WHAT THIS TASK INVOLVES
Quote every line of the data below as it stands, omitting pictures.

DATASET SECTION
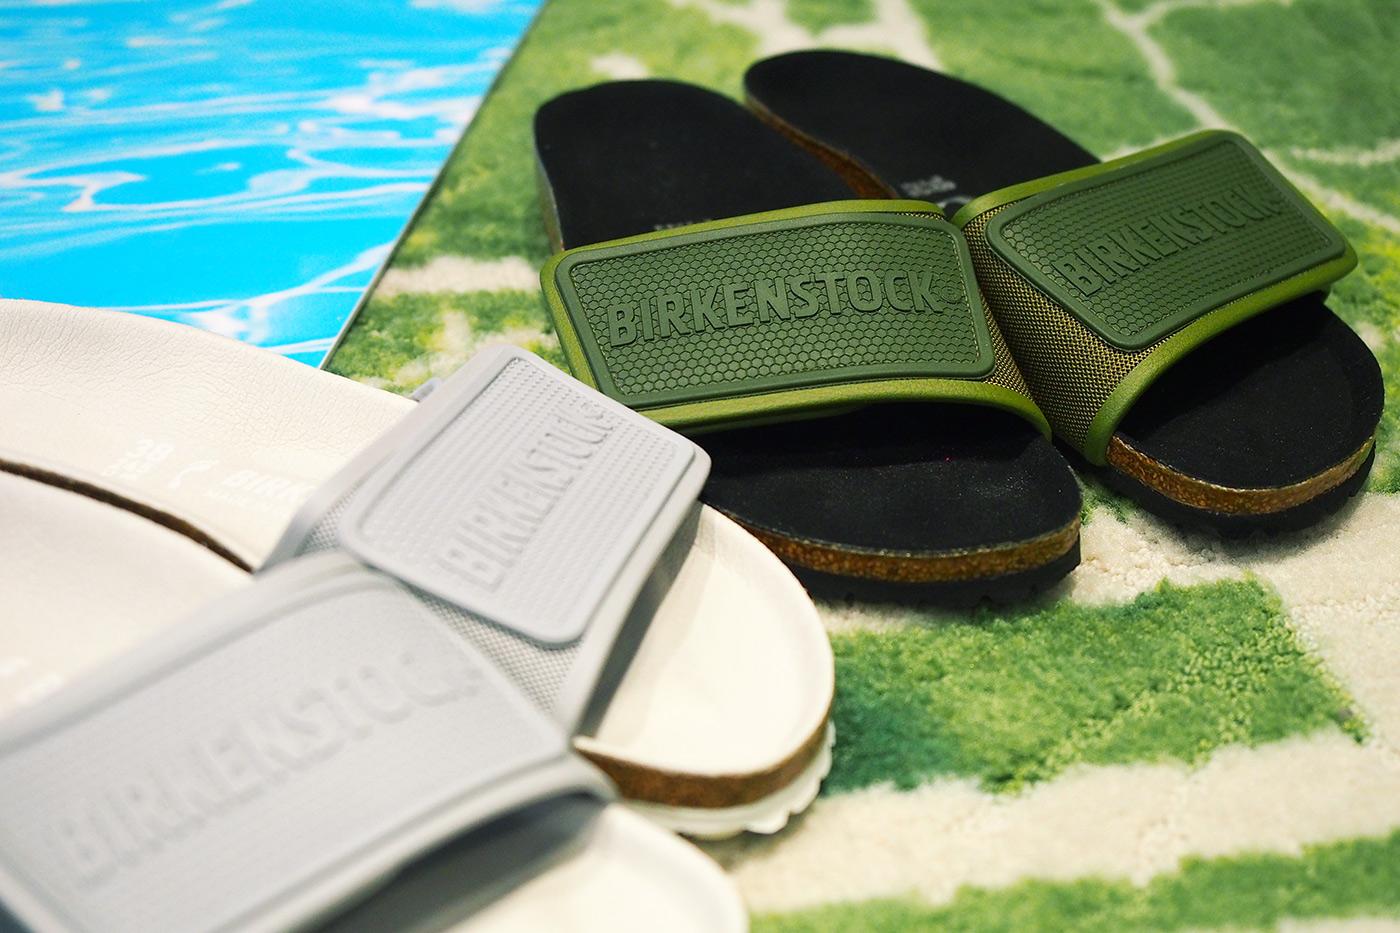 birkesnstock-2019-sandals-02
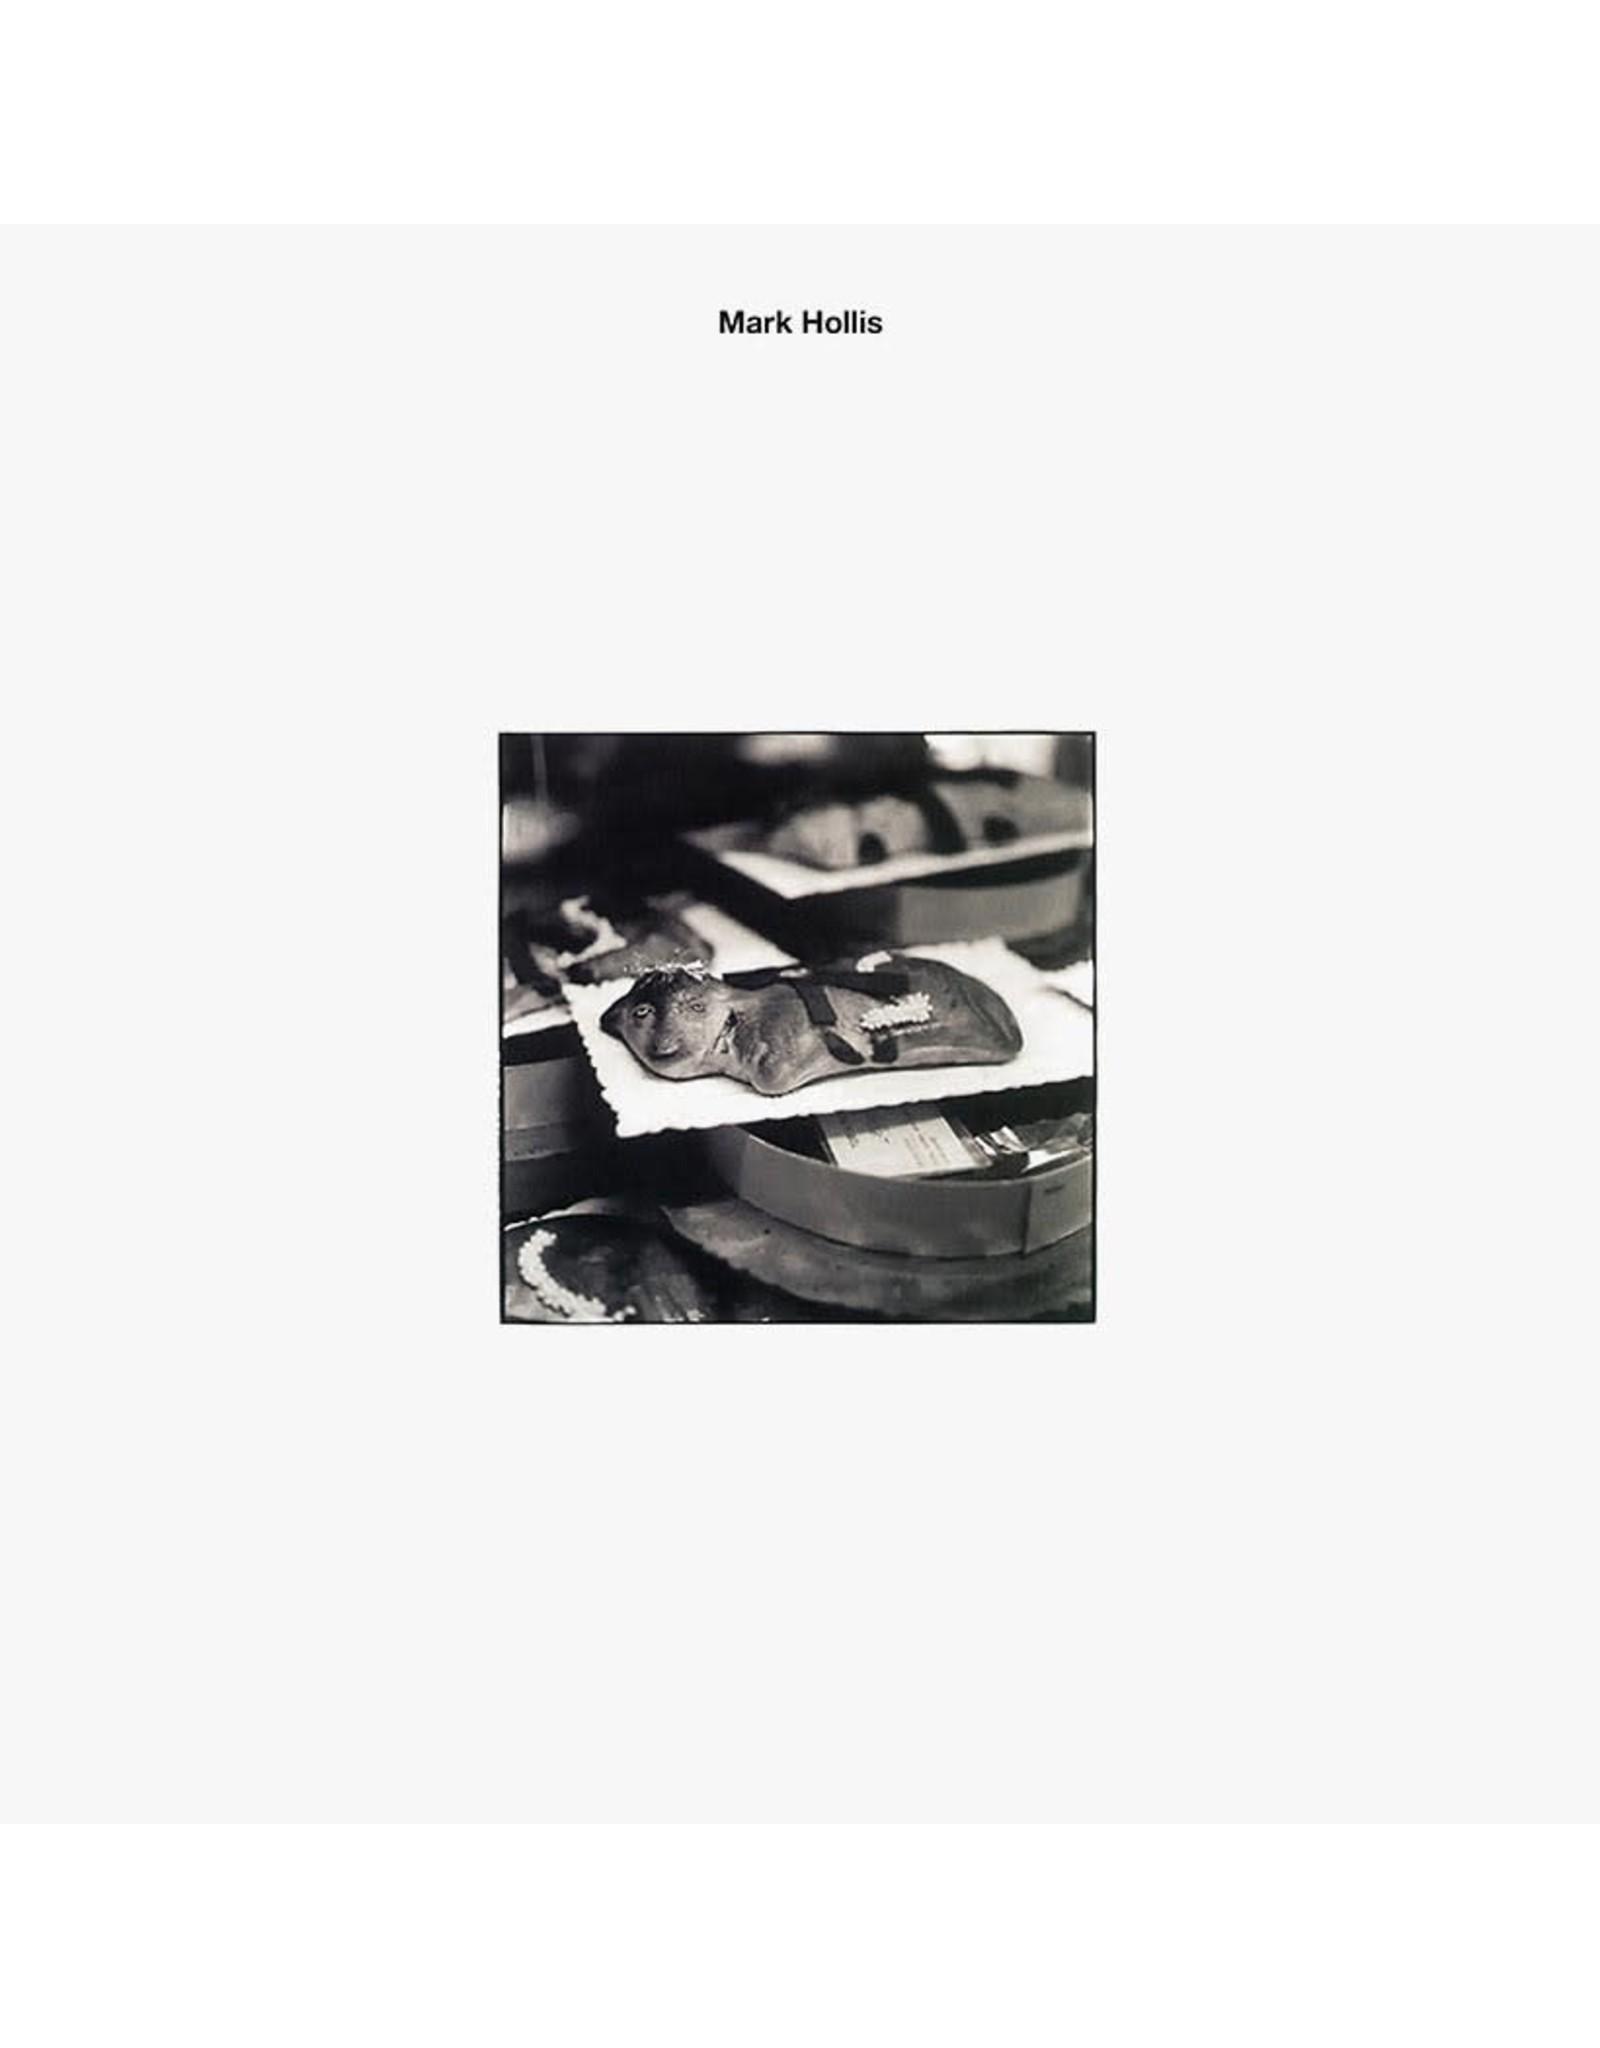 Universal Hollis, Mark: Mark Hollis LP
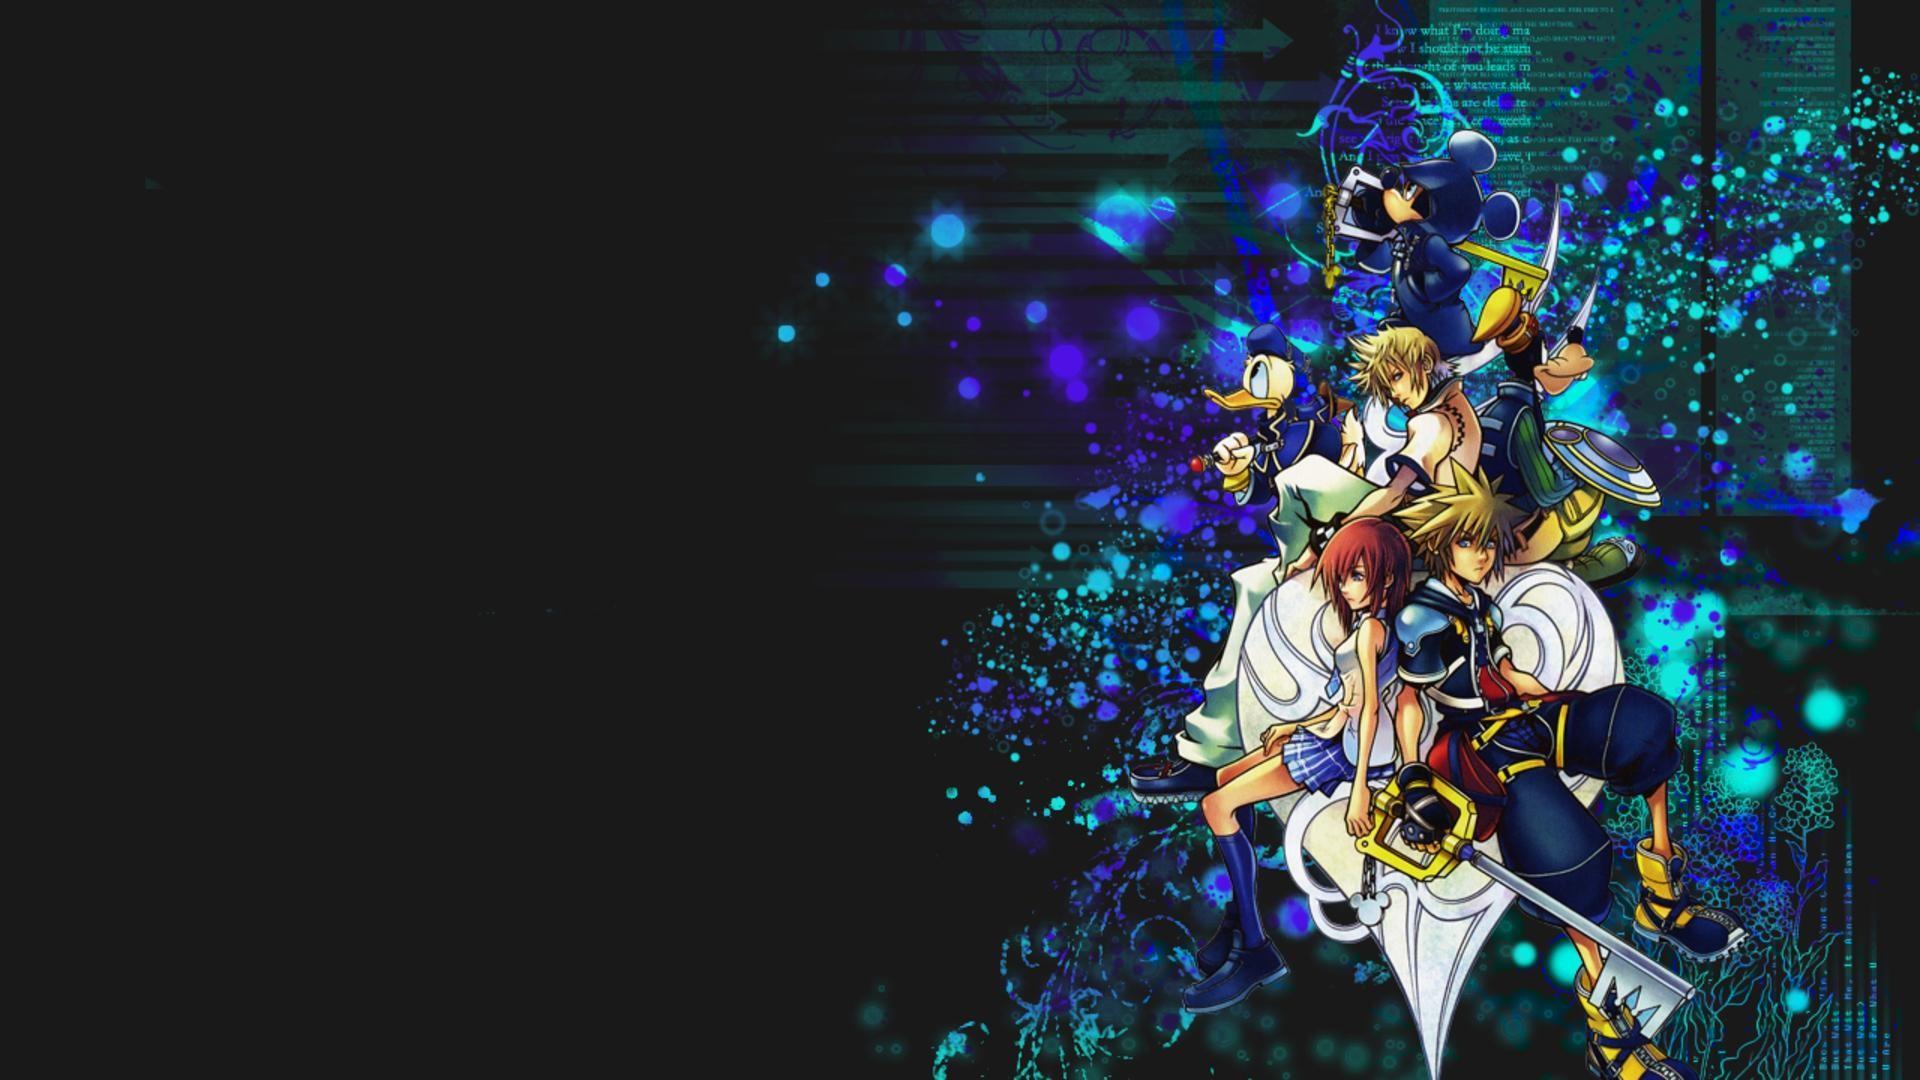 Kingdom Hearts 2 Backgrounds Wallpapertag

RESULT OF THIS TASK
 birkesnstock-2019-sandals-02
 Universal Hollis, Mark: Mark Hollis LP
 Kingdom Hearts 2 Backgrounds Wallpapertag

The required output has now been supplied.